How to Avoid Gas and Constipation From Whey Protein Powder

You love your whey protein shake — it tastes like a milkshake, helps your muscles heal after a workout and has boosted your daily protein intake enough to help you build muscle. But it's causing some less-attractive digestive issues, like protein farts and bloating. You may experience a bout of protein powder constipation as well. Protein shakes can do that, but there are ways around it.

Some brands of protein powders may contain added calories, sugars and toxic chemicals, so read product labels carefully. (Image: Marek Uliasz/iStock/Getty Images)

It might just be your brand of choice, or it could be your milk or your preparation method. But simple tweaks can fix the problem, and you probably won't have to give up your beloved shake. Talk to your doctor if you're still feeling uncomfortable after you've tweaked your shake.
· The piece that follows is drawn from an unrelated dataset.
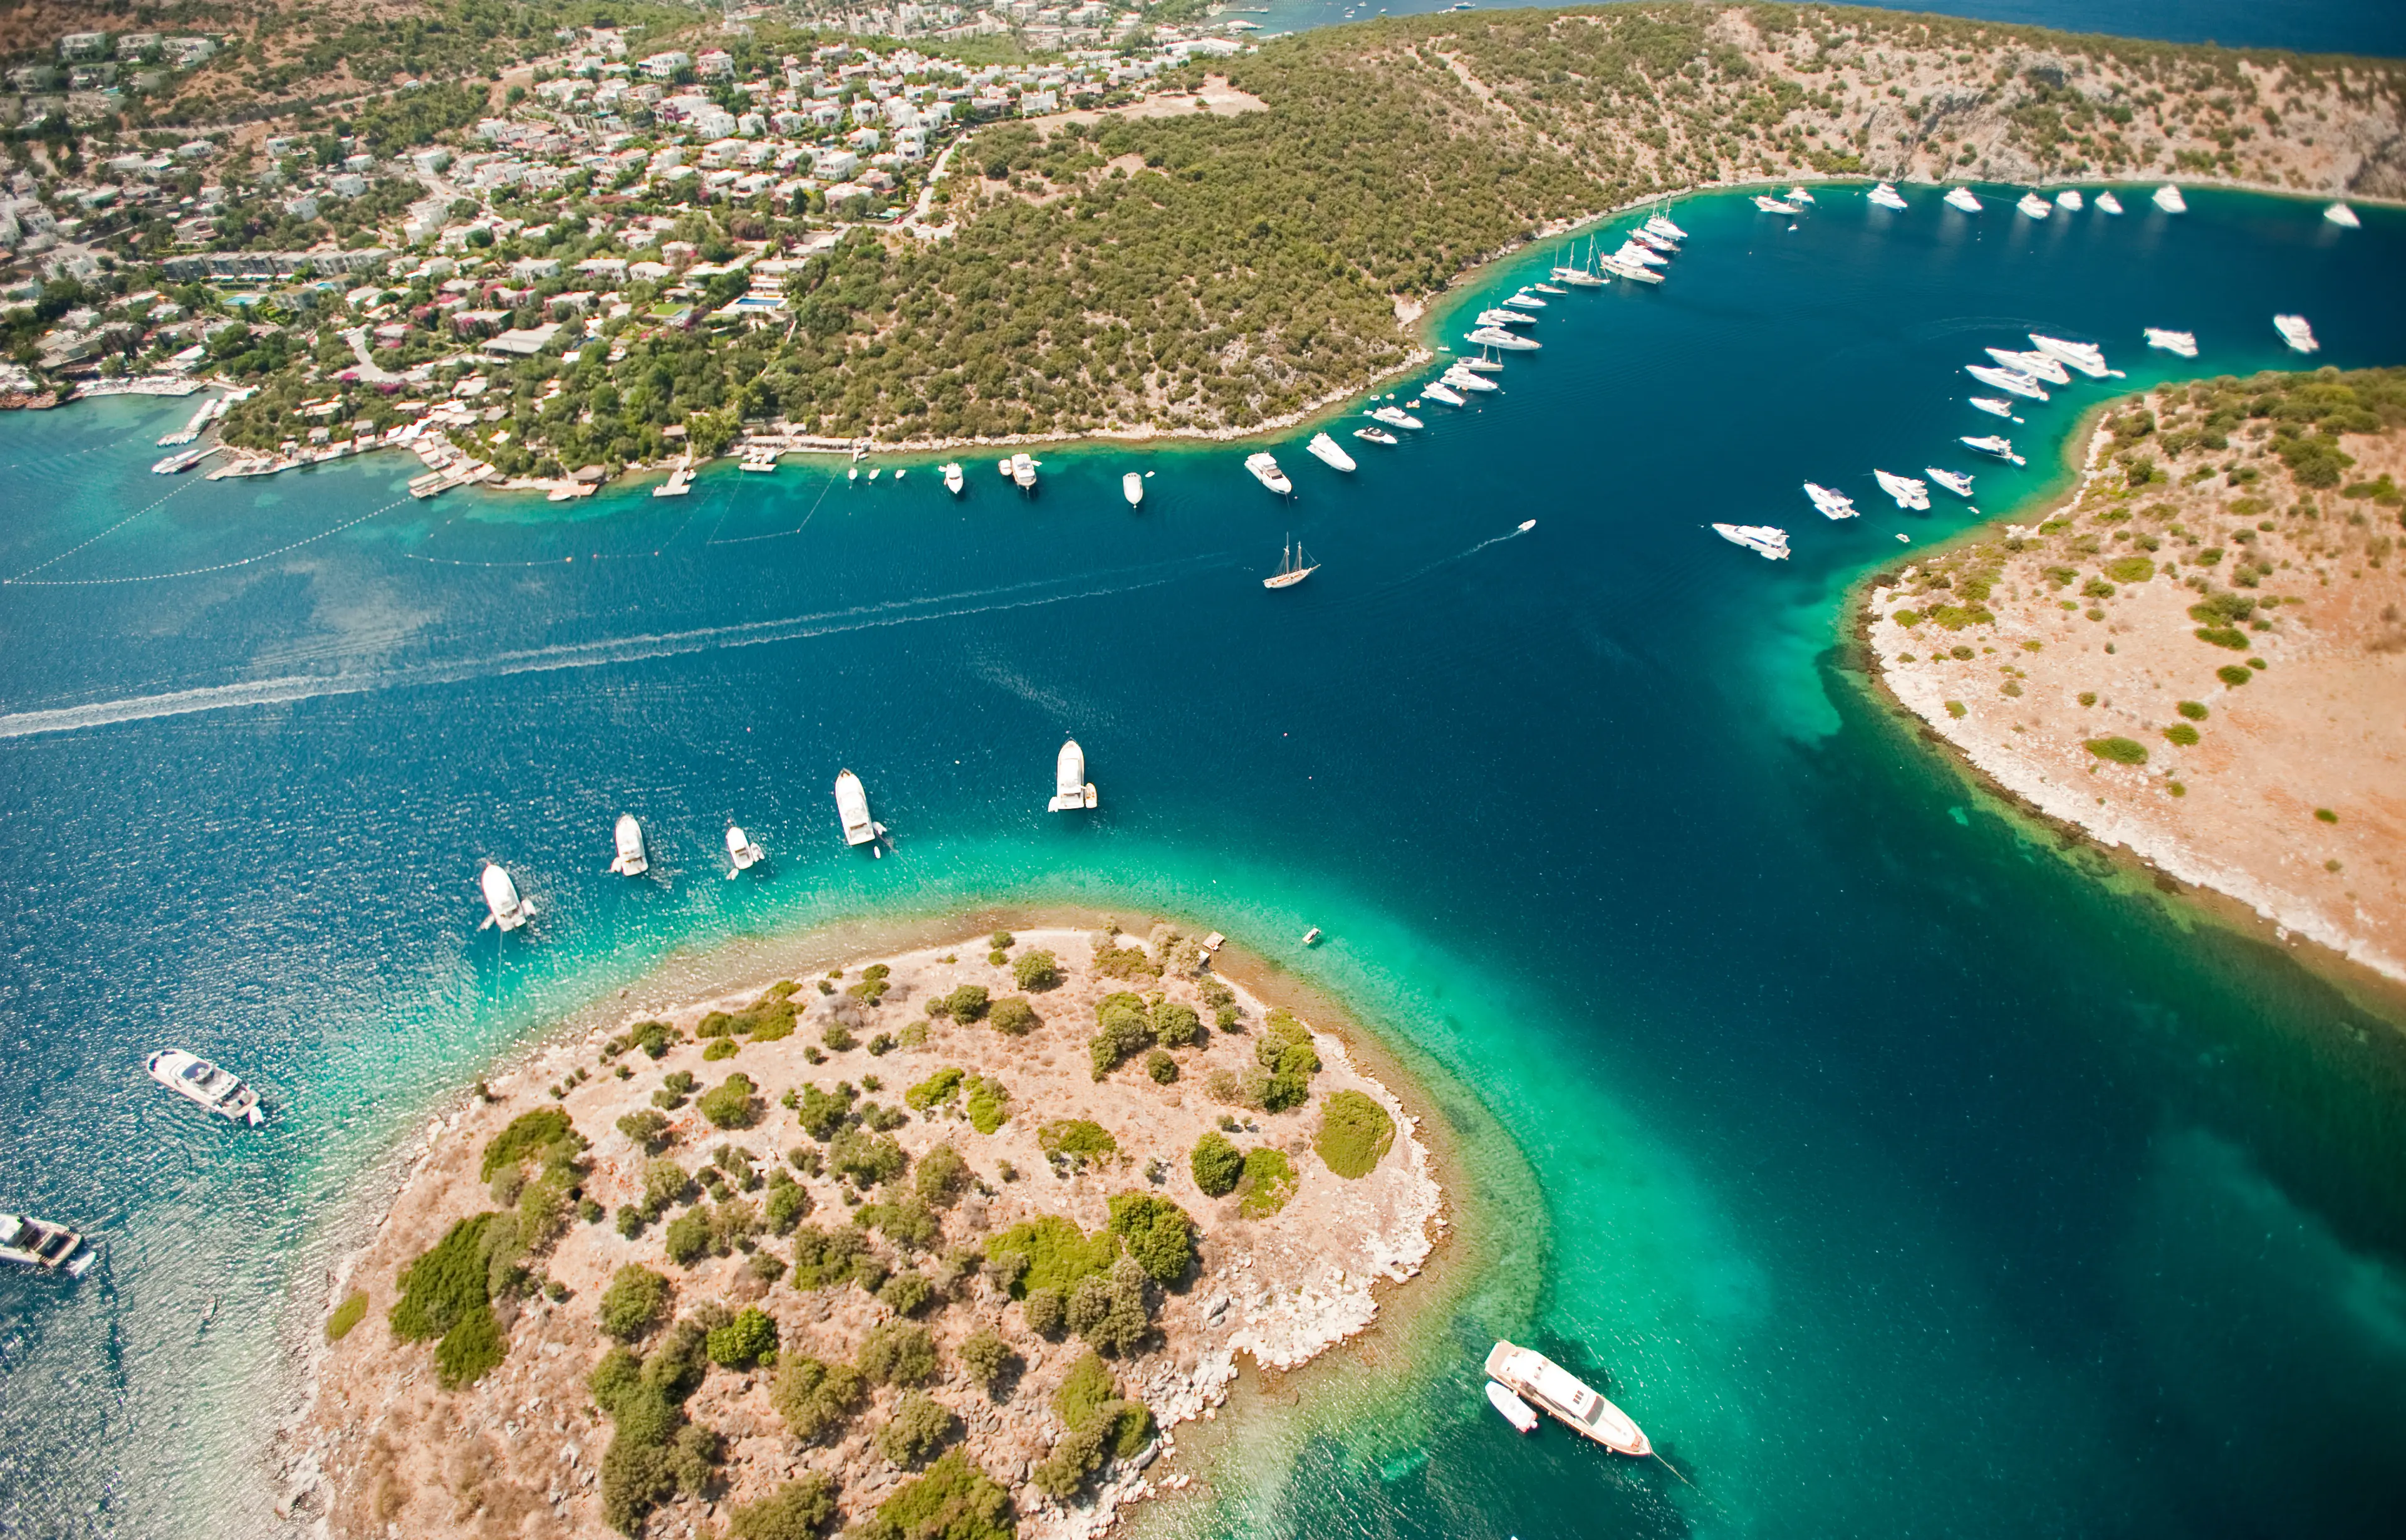 4-Day Exquisite Tour Itinerary in Bodrum, Turkey

If you're drinking whey protein shakes and are feeling gassy, bloated and constipated, it may be the whey.

Whey and Lactose

Whey is a milk protein. Specifically, it's the liquid left over during the cheese-making process, so it contains some lactose. Those who are lactose intolerant may experience a variety of digestive issues if the lactose concentration is too high. There are two kinds of whey protein — concentrate and isolate — that differ in terms of processing and lactose content.

If you're lactose-intolerant, choose a whey protein isolate, which has only 1 gram or less of lactose per 100-calorie serving. Whey protein concentrates may be higher in lactose because more remains after processing. Another alternative is to take an over-the-counter lactase supplement before drinking the shake to help your body properly digest the small amount of lactose.

Not Enough Fiber

Even if you're not lactose intolerant, certain whey protein powders can cause you to be constipated. So it's important to choose a protein shake that's high in fiber to help minimize the potential for constipation.

Examine labels before you choose your protein powder and look for one with high fiber content but without massive amounts of calories — many powders that contain carbohydrates are actually weight-gainer shakes and may contain a full day's worth of calories in a single serving.

It May Be the Milk

Most whey protein powders are meant to be mixed with milk. If you suffer from lactose intolerance, this can cause both gas and constipation. Even if you're not, using whole milk may add too much fat to the protein in your shake — both fat and protein digest slowly, and allowing both to sit in your gut for extended periods can wreak havoc on your digestive system

If you're not lactose-intolerant, simply switch to skim milk. If you are, try soy, almond or rice milk instead, or mix your powder with juice or water.

Too Much Air

If you follow the mixing directions on most whey protein powders, you likely throw the powder, milk and a few ice cubes in a blender. The problem is that the blender incorporates air into the mix, which can cause almost instant gas.

One solution is to invest in a leak-proof shaker bottle instead and mix your shakes by hand. Simply add the ingredients to the bottle and shake until blended. The finished product won't be as thick and creamy as the blended version, but you'll likely suffer less after drinking it.